Coup de blues pour « Jazz in Marciac »

Père emblématique de la famille Marsalis mais aussi formateur de toute une génération de musiciens1 à La Nouvelle-Orléans, Ellis Marsalis est décédé du coronavirus le 1er avril. Il était âgé de 86 ans et était un habitué de Marciac, tandis que son fils, le trompettiste Wynton, en était le parrain et la figure emblématique. Ellis, pianiste et enseignant, a figuré sur des dizaines d’albums tout au long d’une carrière de plusieurs décennies. Pianiste cultivé, discret et exigeant, il était doté de ce swing authentique et de ce sens du blues qui caractérisent les Louisianais « pur jus ».

Outre Wynton, il était également le père du saxophoniste Branford, du tromboniste Delfeayo et du batteur Jason Marsalis. Une très grande famille du jazz est donc en deuil avec tous les musiciens et amateurs de jazz de la planète.
Mourir un 1er avril n’était pas qu’une mauvaise plaisanterie mais un signal de mauvais augure pour les organisateurs du festival de Marciac qui se préparaient déjà à contrecœur à l’annulation.

Une annulation qui pointe bien les incohérences du gouvernement !

La 43e édition du festival, qui devait se dérouler du 24 juillet au 15 août 2020, est donc annulée2. Avec un début de festival fin juillet, les organisateurs conservaient un mince espoir que le gouvernement a balayé en repoussant la borne à fin juillet.

« Une annulation dans la dernière ligne droite compromettrait bien plus qu’une édition du festival, elle mettrait en péril son existence même.
Fermées, les frontières de l’espace Schengen empêchent tout à la fois d’accueillir de nombreux artistes et de recevoir du matériel indispensable pour l’organisation des concerts… Depuis le début de son histoire, le jazz rassemble toutes les différences sous sa bannière. Il offre à tous les publics de la joie et du réconfort. Nous ne voulons pas imaginer un festival interdit à telle ou telle catégorie de population », déclarent les organisateurs dans un communiqué. Pis, ils constatent aussi être « dans une situation de cas de force majeure que l’État se refuse à acter, pour des raisons qui nous échappent, mettant ainsi en difficulté nos structures qui encourent le risque de ne plus être en capacité d’exister dans l’avenir. »

Sauver la culture !

Le domaine de la culture, plus que nécessaire, vital, paie un lourd tribut à cette épidémie sans que le gouvernement ne s’en émeuve vraiment.
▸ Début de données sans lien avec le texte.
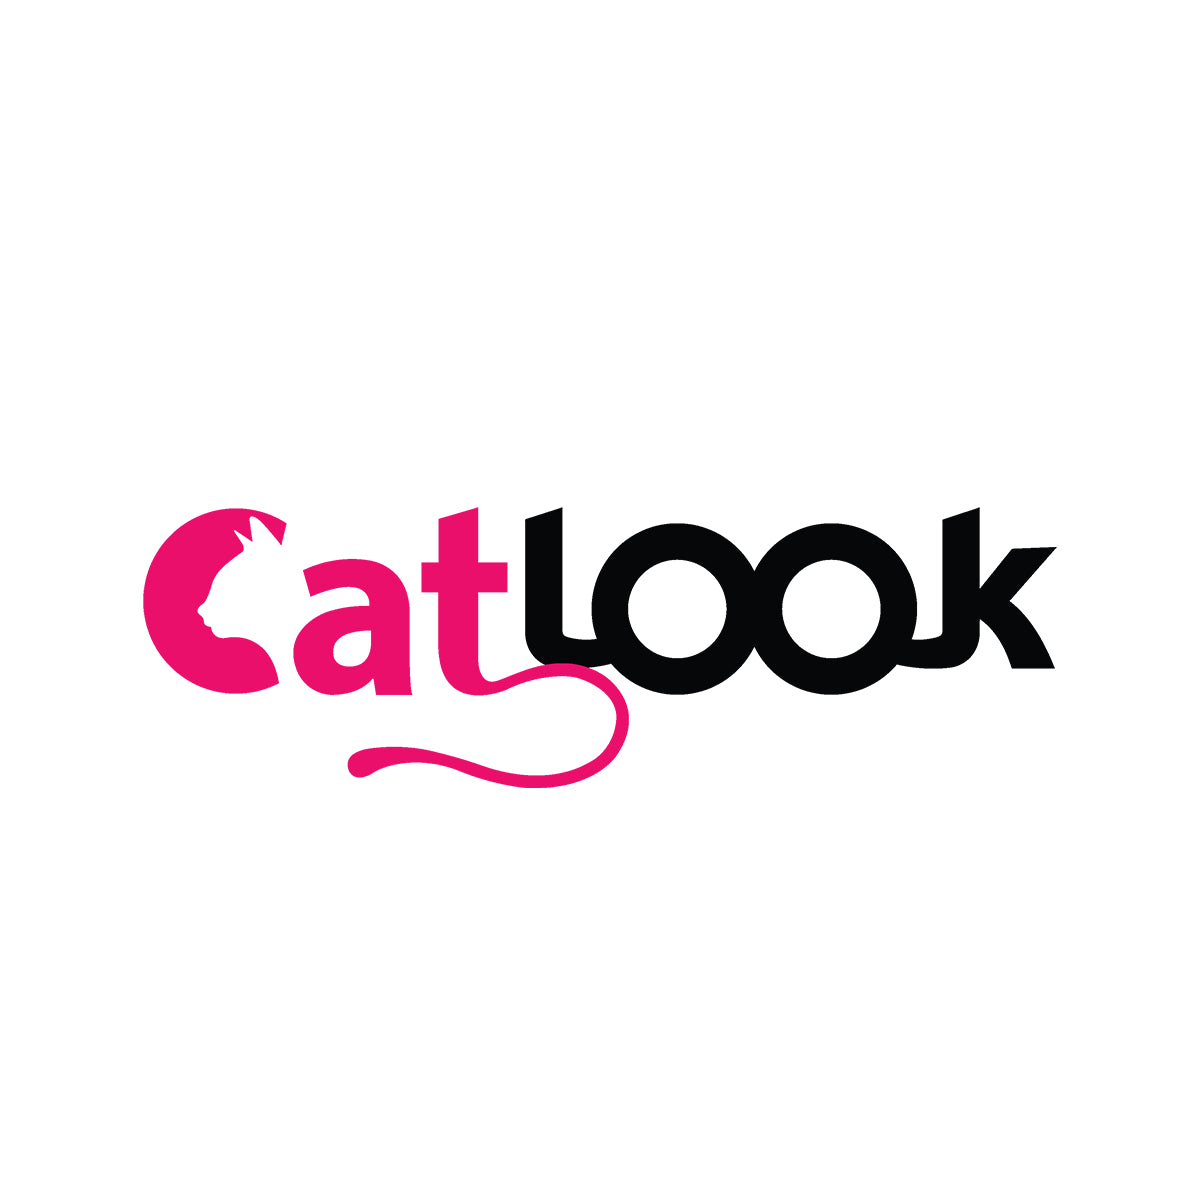 Catlook.com

Les intermittentEs se sont déjà largement manifestés et continuent à le faire. Ils et elles sont aujourd’hui soutenus par les « grands » du spectacle (voir l’appel publié dans le Monde du 1er mai) mais aussi par les patrons du secteur.
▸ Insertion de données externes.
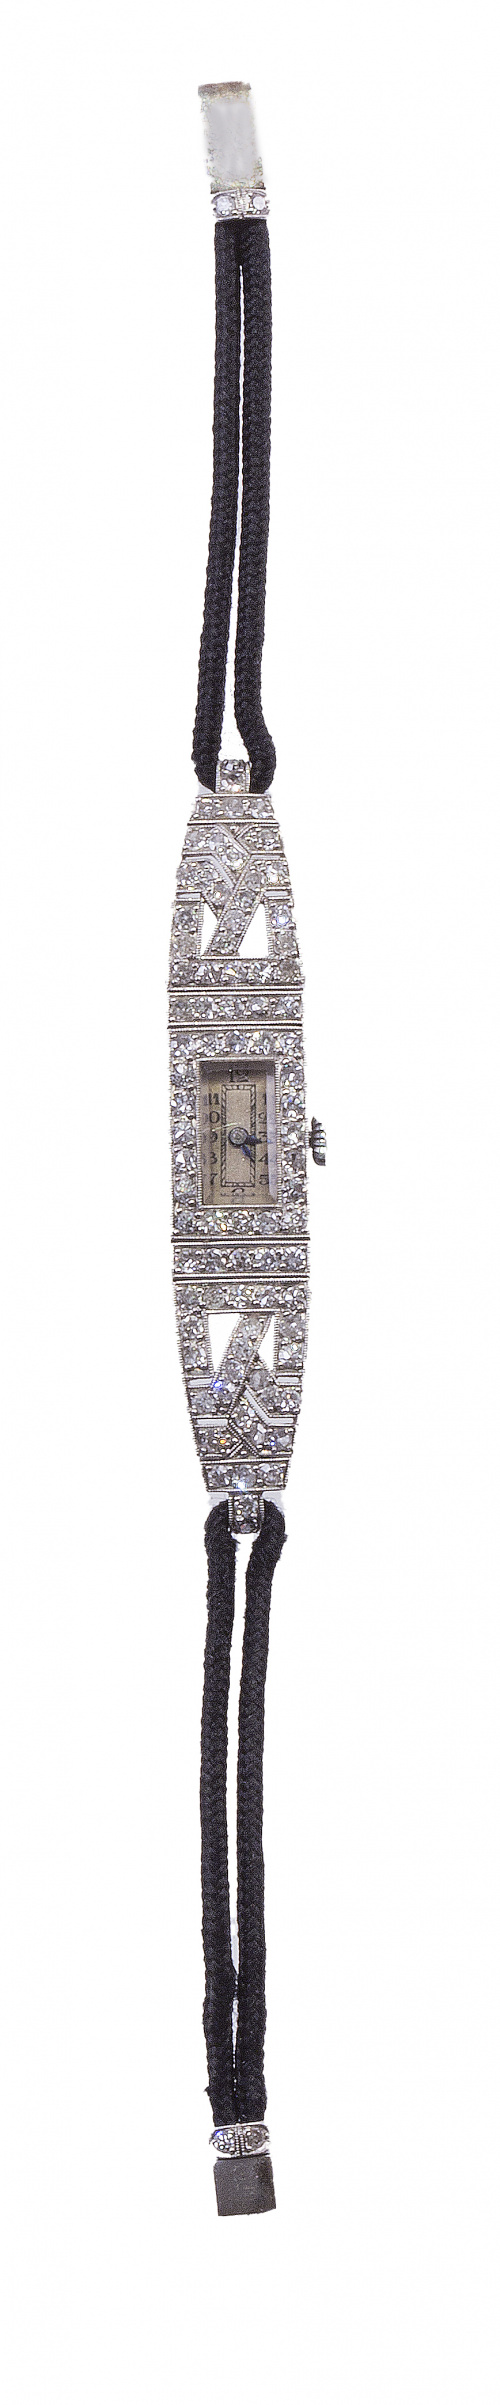 Reloj de pulsera Art-Decó de platino y brillantes

Oui MM Macron et Philippe, vous arrosez de milliards d’euros, sans contrepartie, des firmes qui polluent et emploient moins de gens que le secteur culturel. Allo, y a-t-il un ministre de la Culture ? La mobilisation va s’amplifier dans les prochains les jours et plus encore après le déconfinement Medef du 11 mai.
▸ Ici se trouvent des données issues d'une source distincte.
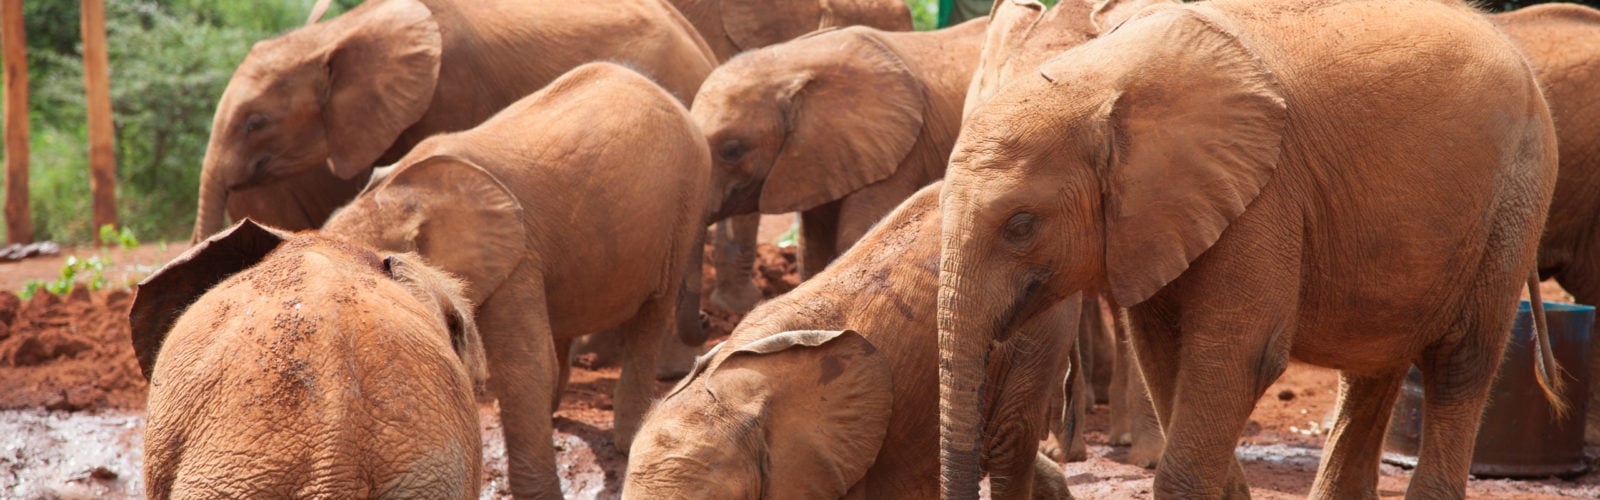 david-sheldrick-elephants-wildlife-trust-kenya

  • 1. Il aura formé à la musique (et non au seul jazz) plusieurs générations de musiciens, de Harry Connick Jr. à Terence Blanchard sans oublier toute sa famille.
  • 2. Il serait trop long de citer tous les évènements annulés. Citons, parmi d’autres, le « Blues Passion » de Cognac début juillet. Le festival BD de Martel est quant à lui reporté à l’automne.